Obverse of the Mercury Dime 2016 Centennial Gold Coin

Obverse of the Mercury Dime 2016 Centennial Gold Coin

Although I was working when the U.S. Mint began selling the 2016 Mercury Dime Centennial Gold Coin, I made an attempt to purchase the coin. The sale opened with a price of $206.00 and an announced mintage limit of 125,000. There was a household order limit of 10.

Although I was in a meeting, I tried to purchase this coin using the U.S. Mint app on the iPhone. Basically, the U.S. Mint app on the iPhone does nothing more than distill the mobile version of the U.S. Mint website on the iPhone. Since the app was not working properly, I opened Safari and tried to use the website directly. By the time I was able to get the system to respond, the coin sold out.

Even though the U.S. Mint revamped the website, hired a new integrator, and added more capacity to the communications lines that lead to the server, the website failed to be able to handle the requests.
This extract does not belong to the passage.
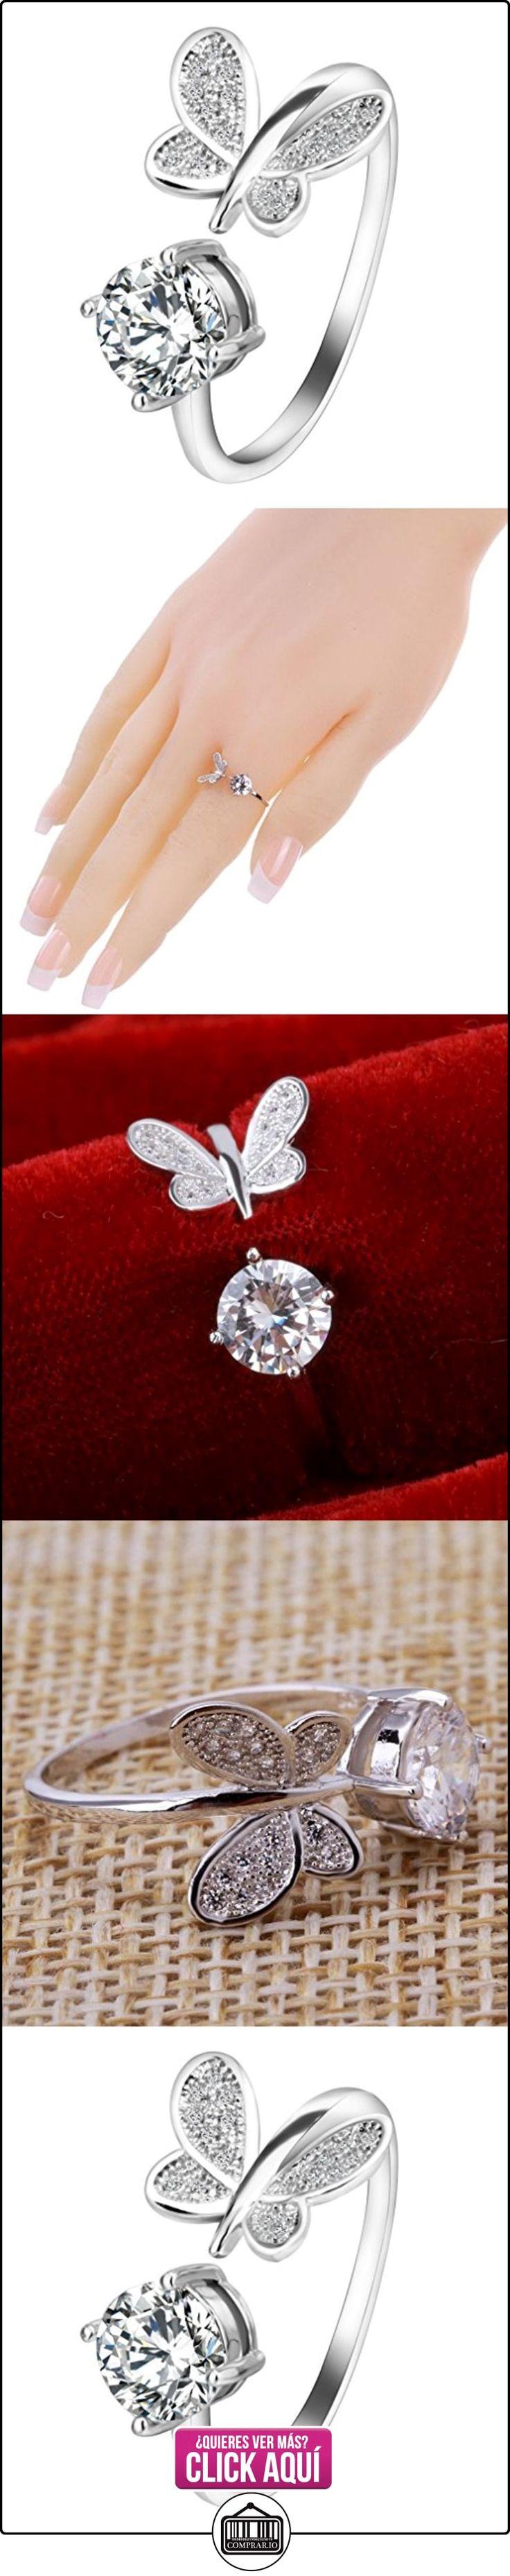 Yazilín clásico 925 de plata esterlina sólida mariposa redonda anillo de apertura ajustable anillo de apertura  ✿ Joyas para mujer - Las mejores ofertas ✿ ▬► Ver oferta: https://comprar.io/goto/B01MYTG998

The U.S. Mint hired a new contractor to make these improvements but still cannot get it right. Their website is not programmed to handle the crush of a popular product.

As someone who has worked in the government for many years, we usually have to undergo a review of recent events to learn about what went wrong in order to fix the problems for next time. These reviews look at every aspect of the process and recommend changes. It appears that if the U.S. Mint performed these after action reviews they did not learn their lessons from past mistakes.

Now is the time for the U.S. Mint to get out of the e-commerce business and hire a company that understands how to manage peak volumes. Services like Amazon and eBay have figured out how to manage users flooding their systems. I am sure that sales related to the U.S. Mint would not approach the traffic that comes on shopping holidays like Cyber Monday.

Does Ticketmaster sell e-commerce solutions? The software they use that adds you to a queue to wait until you can order because the system has been flooded. In the cases when I used Ticketmaster or Live Nation, their sister site, to buy tickets to popular shows, I was forced to wait on the virtual line before being able to purchase tickets.

Regardless of the model the U.S. Mint uses, they must do something. Either they need to figure it out or maybe a discussion with the Treasury Office of Inspector General may be worth the effort.

NOTE: The U.S. Mint sent a note to the media saying that they would have a statement regarding the sellout on Friday (today). At the time of this writing the U.S. Mint has not released a statement.